HiP-HOPS has recently been extended with a novel approach to automatic allocation of safety requirements to components of a system architecture. The proposed process can support and simplify the implementation of the upcoming automotive safety standard ISO26262. A member of the corresponding ISO committee has been involved in evaluating this proposal with a view to influencing the refinement and implementation of the standard (see corroborating evidence 2).

Through commercialisations, EAST-ADL and consultancies funded by Toyota, the Flemish Mechatronic Institute and others, HiP-HOPS has been taken up by automotive companies which include Volvo, Toyota, Volkswagen, Daimler, Fiat, Siemens, Continental, Ricardo and Mecel. HiP-HOPS is being experimentally used in the design of new active safety systems by these companies. Daimler have developed their own implementation of HiP-HOPS. In the aerospace sector, HiP-HOPS is being used by Honeywell and Embraer for improved system design. New work (2012-present) of potentially high impact in the sector is focused on harmonising HiP-HOPS with AADL, the emerging Architecture Analysis and Design Language which is becoming an industry standard in the aerospace industry. Embraer (see corroborating evidence 8) have developed their own implementation in HiP-HOPS. The continual and growing involvement of these companies with HiP-HOPS shows the benefits they have acquired in streamlining, rationalising and improving dependable design. Their involvement in over 50 HiP-HOPS publications within the period, reported case studies (including in refs [1-3] in section 3 and the eight submitted REF outputs on HiP-HOPS), as well as personal communication with the industrial contacts cited in section 4, will confirm these benefits.

3. Societal impact (2008 — present)

Industrial applications in large scale show that HiP-HOPS speeds up the safety analysis process by automating part of it and thus enabling multiple iterations of safety analysis that help to improve the design of safe systems.
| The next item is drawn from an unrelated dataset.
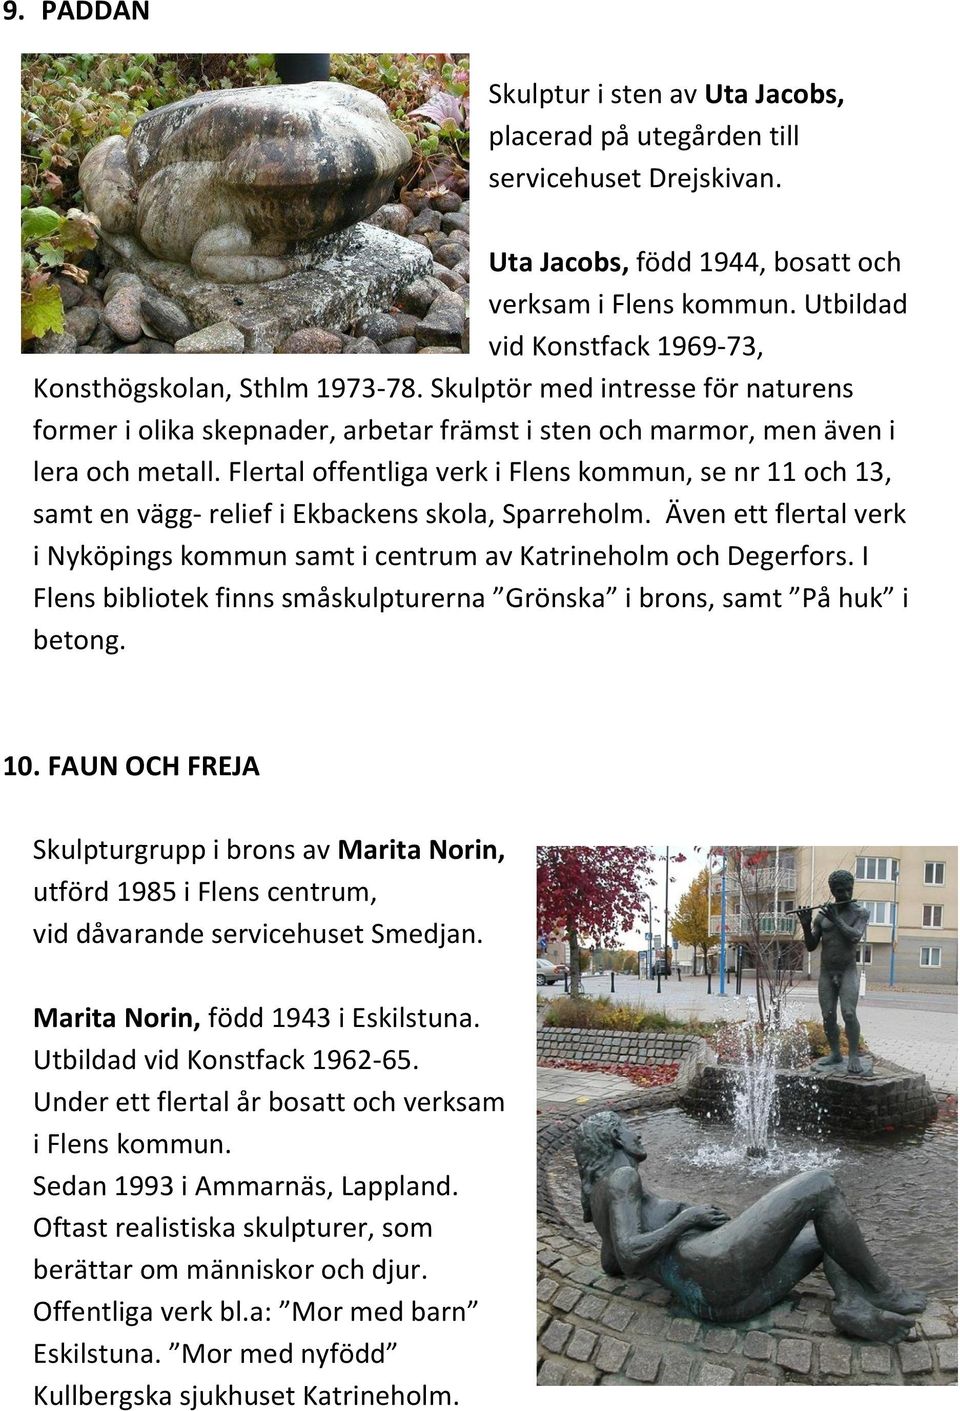 Flertal offentliga verk i Flens kommun, se nr 11 och 13, samt en vägg- relief i Ekbackens skola, Sparreholm. Även ett flertal verk i Nyköpings kommun samt i centrum av Katrineholm och Degerfors.

The impact on safety improvements is difficult to quantify at this stage, but users largely agree (see industrial contributions to publications and sources to corroborate impact 6-9) that the process significantly improves classical safety analysis and influences positively the safety of systems which can in turn significantly reduce risks of life losses as well as property and environment damages caused by system failures

Sources to corroborate the impact

All references to organisations below are supported by factual statements.

  1. Contribution to the specification of the EAST-ADL language (Hull is central in EU projects where language was defined see http://www.atesst.org and http://www.maenad.eu, founding members of the EAST-ADL association, Papadopoulos is among two academics sitting on the 5-member association board, and HiP-HOPS is one of EAST-ADL supporting tools see association website http://www.east-adl.info/)
  2. Influence of HiP-HOPS is the new AUTOMOTIVE safety standard, Member of ISO Committee
  3. Commercialisation of HiP-HOPS with ITI GmbH (Commercialisation Agreement available on request from University of Hull).
  4. Commercialisation of HiP-HOPS with ALL4TEC (Sublicensing and distribution agreement available on request from University of Hull).
  5. Data to corroborate the value of sales of HiP-HOPS (Can be provided by University of Hull).
  6. Impact on Japanese industry — experience with large clients of HiP-HOPS, testimony by Managing Director of commercialisation partner (ITI GmbH), Germany.
  7. Impact on automotive sector (BOSCH), Functional Safety Manager, Bosch Automotive (Tier 1 supplier), Germany.
  8. Impact on aerospace sector (EMBRAER), Manager responsible for Modelling and Simulation in Embraer and project Leader of in-house developed HiP-HOPS tool.
  9. Impact on shipping sector (GERMANISCHER LLOYD), Head of Department Strategic Research, Germanischer Lloyd.